As deaf whales are washed ashore in Taiwan, with hearing loss being the ‘primary reason’ for their demise, I ask the question: are stranded British whales and dolphins casualties of the offshore wind industry in this country?

Practically every day brings new reports of stranded whales and dolphins around the British coast, the numbers are on the rise and nobody seems to know why. 
Ever expanding wind farms are beginning to dominate our coastal seas.
Is there a link?
I’ve suggested in previous
articles that it might be wise, indeed essential, to halt the further proliferation of offshore wind farms until we have safely established whether or not giant fields of humming wind turbines are causing havoc to sound-sensitive marine mammals – but the industry seems to be oblivious to the signs. Something is definitely awry.

“According to research by the CSIP (Cetacean Strandings Investigation Programme), whale beachings in the UK rose by 15% in the period 2011 to 2017, a total of 4,896 whales, dolphins and porpoises died.

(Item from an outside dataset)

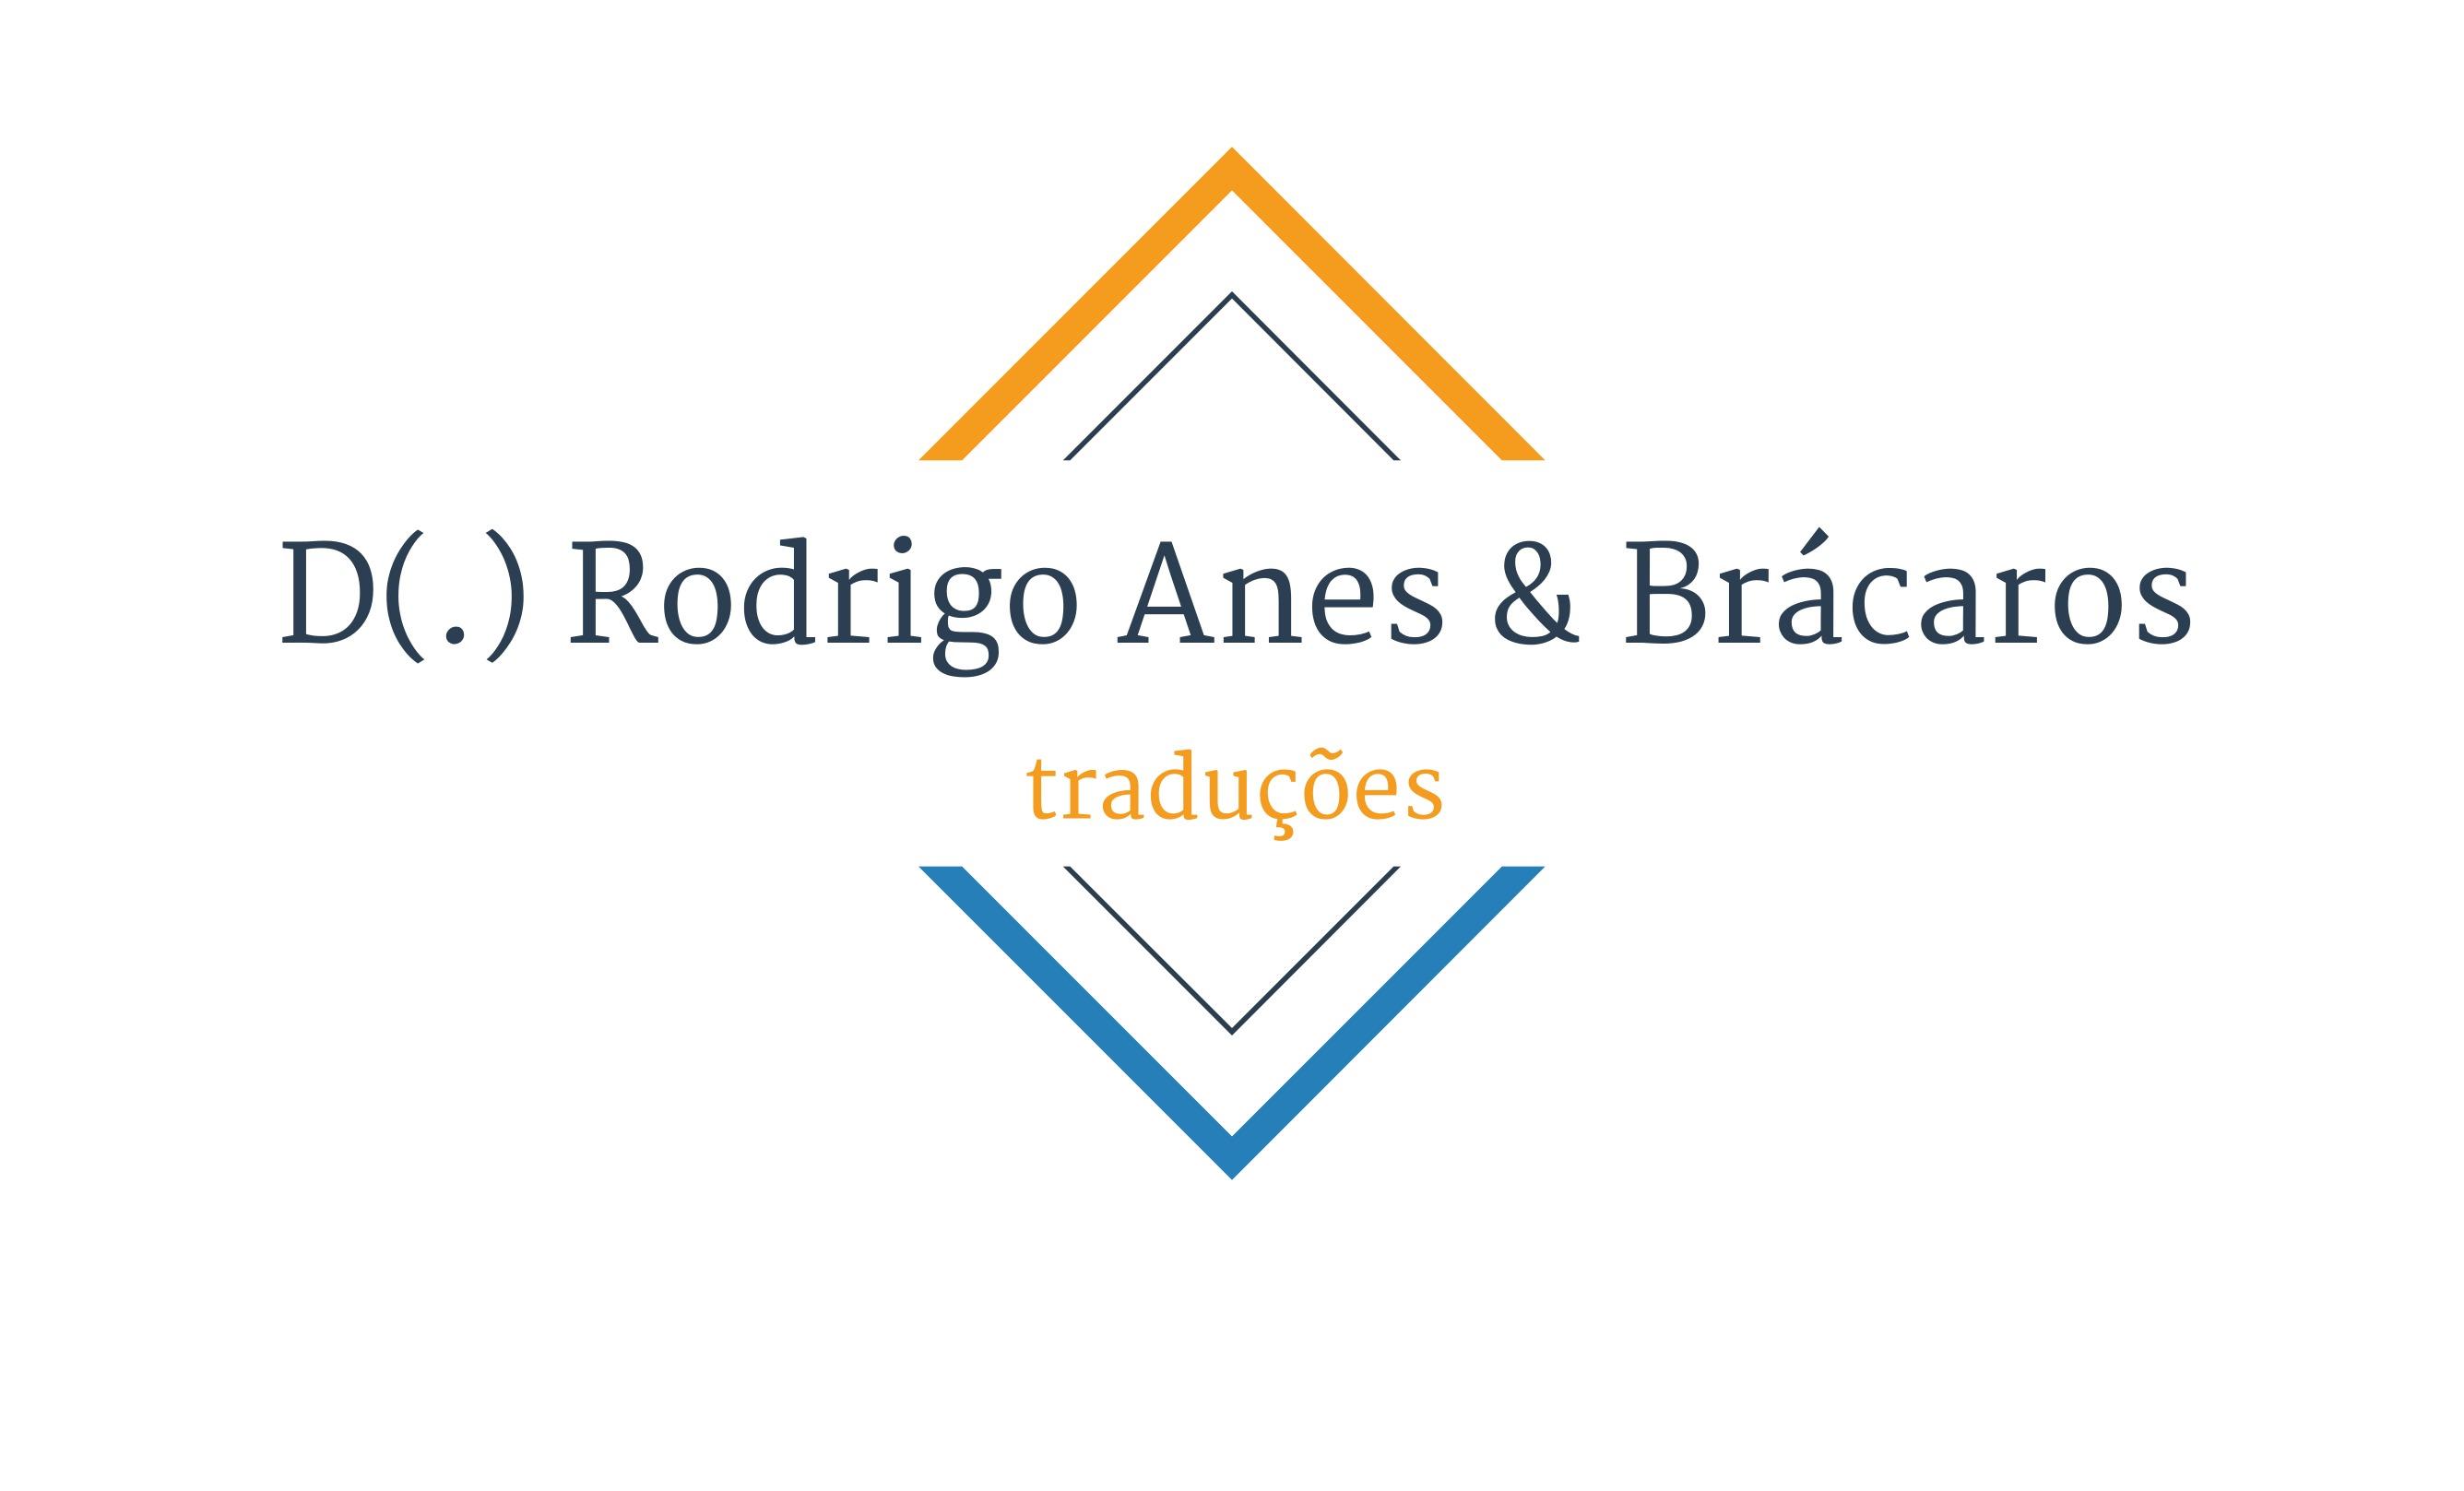 D(.) Rodrigo Anes & Brácaros traducciones

The actual number of deaths is likely to be much higher as not all carcasses are washed ashore.”


With research showing that beached whales were stranded after becoming deaf, it’s surely time to stop the madness and reassess the wind industry.
Damaged hearing – the ‘primary reason’ for the beaching of whales
In April last year, a headline in Taiwan’s
Taipei Times read "Beached whales’ hearing badly damaged". Taiwan’s Ocean Conservation Administration (OCA), discovered that scans on beached Pygmy Killer Whales showed abnormal shadows in their middle ears, concluding that it was a loss of hearing that caused them to become stranded. Indeed a beached Pilot whale that survived was placed under observation and was found to be completely deaf; according to observers the whale appeared to be "anxious and unable to swim normally." It was duly noted that "this was the primary reason for its stranding."
The definite cause of the whales’ hearing loss is not known, conservation specialists have suggested that it might have been caused by ‘some disease’.  But it has nevertheless led to renewed concerns about the widespread construction of offshore wind farms in Taiwan, and there have been
warnings that critically endangered Humpback Dolphins could be wiped out entirely by human activity, including wind farm development, off the coast of the island nation.  The Taiwan conservation organisation MFCU said in statement that "the large-scale off-shore wind power plants along the western coast may also threaten the dolphins’ survival due to low-frequency noise by wind turbines".

 

Full post here.

 

There may be other possible causes for this apparent rise in whale deafness and beachings. And it may just be an artifact of increased observations.

But I cannot help thinking if that, it was not wind turbines which were responsible, Greenpeace and the rest would have been all over this like a rash by now.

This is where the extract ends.